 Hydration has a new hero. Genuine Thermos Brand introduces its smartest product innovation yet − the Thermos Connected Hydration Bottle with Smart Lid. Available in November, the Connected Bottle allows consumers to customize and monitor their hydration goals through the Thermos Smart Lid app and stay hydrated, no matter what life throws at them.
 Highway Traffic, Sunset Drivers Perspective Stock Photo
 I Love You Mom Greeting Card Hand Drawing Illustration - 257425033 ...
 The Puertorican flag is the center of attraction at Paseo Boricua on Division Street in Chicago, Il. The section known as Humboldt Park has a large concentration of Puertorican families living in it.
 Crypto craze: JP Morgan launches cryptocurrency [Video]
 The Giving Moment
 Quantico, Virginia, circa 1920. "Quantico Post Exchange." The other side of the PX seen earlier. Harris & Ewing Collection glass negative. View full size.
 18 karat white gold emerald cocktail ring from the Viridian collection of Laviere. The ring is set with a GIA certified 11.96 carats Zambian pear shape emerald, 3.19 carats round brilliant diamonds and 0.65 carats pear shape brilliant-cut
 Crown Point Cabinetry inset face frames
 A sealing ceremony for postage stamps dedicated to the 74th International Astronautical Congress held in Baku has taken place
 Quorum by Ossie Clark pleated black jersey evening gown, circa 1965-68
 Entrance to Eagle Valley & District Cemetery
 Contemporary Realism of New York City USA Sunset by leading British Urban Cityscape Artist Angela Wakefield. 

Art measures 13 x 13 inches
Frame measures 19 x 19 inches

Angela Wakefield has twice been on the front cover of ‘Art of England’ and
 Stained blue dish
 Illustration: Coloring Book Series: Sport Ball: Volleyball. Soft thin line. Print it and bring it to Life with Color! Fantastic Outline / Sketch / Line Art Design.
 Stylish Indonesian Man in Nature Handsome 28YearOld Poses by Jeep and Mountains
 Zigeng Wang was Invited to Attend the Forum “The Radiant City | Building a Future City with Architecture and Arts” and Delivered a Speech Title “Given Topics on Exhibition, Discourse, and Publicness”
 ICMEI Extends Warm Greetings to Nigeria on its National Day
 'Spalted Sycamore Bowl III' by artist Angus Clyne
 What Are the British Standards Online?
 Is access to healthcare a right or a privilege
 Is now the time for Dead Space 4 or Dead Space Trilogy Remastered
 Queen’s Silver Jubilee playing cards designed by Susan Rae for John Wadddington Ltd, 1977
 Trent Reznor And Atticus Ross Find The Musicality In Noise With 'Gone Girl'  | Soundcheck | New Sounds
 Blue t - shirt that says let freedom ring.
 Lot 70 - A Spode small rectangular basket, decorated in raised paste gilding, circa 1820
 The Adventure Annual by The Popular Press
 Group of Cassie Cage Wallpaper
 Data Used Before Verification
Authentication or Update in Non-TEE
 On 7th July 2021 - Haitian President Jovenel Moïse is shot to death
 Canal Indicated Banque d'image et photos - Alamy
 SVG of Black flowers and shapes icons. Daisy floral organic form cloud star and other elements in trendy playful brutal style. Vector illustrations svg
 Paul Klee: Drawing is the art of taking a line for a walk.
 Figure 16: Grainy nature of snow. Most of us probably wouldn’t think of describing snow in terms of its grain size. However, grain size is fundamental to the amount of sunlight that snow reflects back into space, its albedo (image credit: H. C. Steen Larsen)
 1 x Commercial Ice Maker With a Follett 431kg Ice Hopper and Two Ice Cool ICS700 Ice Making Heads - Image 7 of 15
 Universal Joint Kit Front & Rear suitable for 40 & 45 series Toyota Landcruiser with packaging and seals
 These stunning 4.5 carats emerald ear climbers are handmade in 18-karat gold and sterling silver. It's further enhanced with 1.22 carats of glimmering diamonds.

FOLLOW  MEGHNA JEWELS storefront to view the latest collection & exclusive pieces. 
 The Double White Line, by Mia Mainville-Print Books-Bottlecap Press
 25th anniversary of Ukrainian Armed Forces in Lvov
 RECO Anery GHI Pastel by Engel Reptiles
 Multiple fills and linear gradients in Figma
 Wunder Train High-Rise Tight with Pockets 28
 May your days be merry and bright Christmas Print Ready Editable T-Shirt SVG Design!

::::::::::

Instructions to follow: Copy out exactly, and only, the lines from the one that contains "Figure 16: Grainy" through the last line of the material above.

Written answer:
 Figure 16: Grainy nature of snow. Most of us probably wouldn’t think of describing snow in terms of its grain size. However, grain size is fundamental to the amount of sunlight that snow reflects back into space, its albedo (image credit: H. C. Steen Larsen)
 1 x Commercial Ice Maker With a Follett 431kg Ice Hopper and Two Ice Cool ICS700 Ice Making Heads - Image 7 of 15
 Universal Joint Kit Front & Rear suitable for 40 & 45 series Toyota Landcruiser with packaging and seals
 These stunning 4.5 carats emerald ear climbers are handmade in 18-karat gold and sterling silver. It's further enhanced with 1.22 carats of glimmering diamonds.

FOLLOW  MEGHNA JEWELS storefront to view the latest collection & exclusive pieces. 
 The Double White Line, by Mia Mainville-Print Books-Bottlecap Press
 25th anniversary of Ukrainian Armed Forces in Lvov
 RECO Anery GHI Pastel by Engel Reptiles
 Multiple fills and linear gradients in Figma
 Wunder Train High-Rise Tight with Pockets 28
 May your days be merry and bright Christmas Print Ready Editable T-Shirt SVG Design!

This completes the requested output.